Ignore her if she's disrespectful towards you, pretend she's not there..... and in private you tell DH, if your brat ever talks to me like that again there will be consequences for the both of you..... deal with it and now. He will not, this is a sign that you can then deal with it by telling SD - I'm not your mother or your father, you will not talk to me in that manner understood. Put on your bitch face and voice.

See it's not re engaging if you stand up for yourself, or deal with something effecting you directly in a negative way.

GoingWicked's picture

With the meals, I'd refuse to cook and participate in "family:" meals, I'd plan and cook for myself only. I'd just explain to DH that if I don't get to eat, why would I bother cooking? If your DH wants family meals to resume, he's going to parent his offspring.

Buy her electronics for her room and sign her up for after school programs or summer school, so she's not in the common areas annoying you, spreading her stink and making a mess.

Otherwise try to treat her the same way you want to be treated, if she's disrespectful ignore her, let DH handle her moodiness, feel free to be completely hands off, she's not your child, you have absolutely no responsibility for her, leave the house and relax somewhere else when it gets bad, always make DH do the dirty work, and have fun when you can take her out shopping when it's a good day and she's not driving you up the wall.

I've got a 13 year old stepdaughter too, I thank God she is not here 100% of the time.

MoominMama's picture

Plate her food up. If she complains then you just tell her what the problem is and why you have done it.

There is little point in playing nice with these type of kids. You can pussy foot around them, try to be fair and nice etc but in the end they will throw you under the bus at the first opportunity. Apart from that, you need to sit down with your DH, explain the problems you are having and he has to deal with it. She won't like the changes and all hell will break loose.

Maybe a word with the school about her lack of socialising? They might be in a position to suggest to the BM that some therapy might be helpful. We have a similar problem with SS17 (he is high functioning AS) and we just had to almost force him to do stuff, it's always a battle so you have my sympathy.
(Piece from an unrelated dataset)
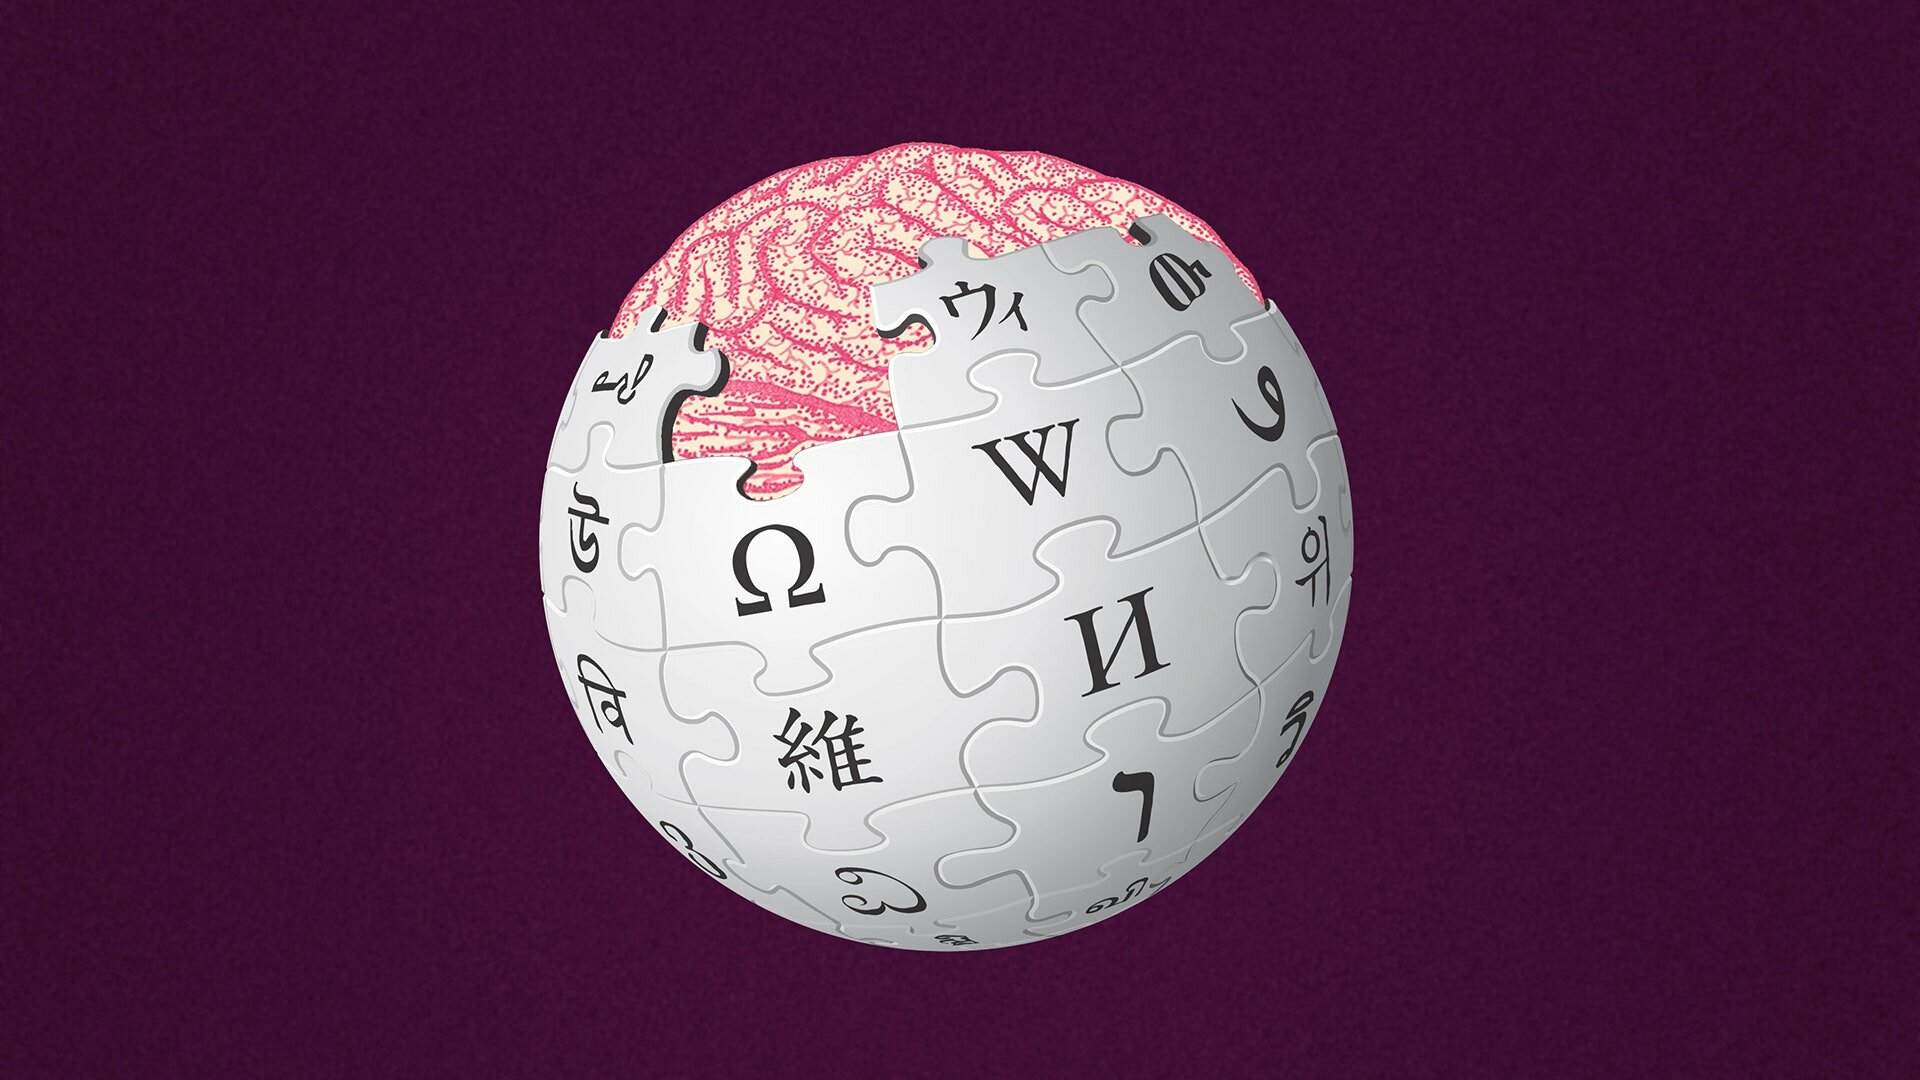 Wikipedia обновила дизайн впервые за 10 лет. Свежо, но удобно ли?

Try not to be involved with her too much, just where it is absolutely necessary (and the meals sound like one of those times) and get her father to deal with her and find activities outside the home for her. Does she live full time with you? is BM not in the picture?

KH4573's picture

Your post is so very similar to my situation about my 13 year old SD too. She's socially awkward and annoying as HELL. Same thing, DH won't address the issues either. Compelte denial. Have you considered she may be on the autistic spectrum? The lack of hygiene could be sensory issues or even depression. Hard to say really but I feel your pain. I disengaged as much as possible and I try and ignore her when she is at my house. I don't know how else to cope.

Paula-jean79's picture

It's awful isn't it!! I think she probably has something going on like ADHD but DH and BM won't really get it checked out. Major denile going on. I've politely told him he may want to get a therapist to run some tests on her. She is in therapy now but it hasn't helped at least not so far. I try to ignore her but sometimes it's easier just to look when she asks me to so that she shuts up about it quicker. She's really bad about bugging and irritating people. For a while there it felt like she was flat out bullying me and being horrible on purpose.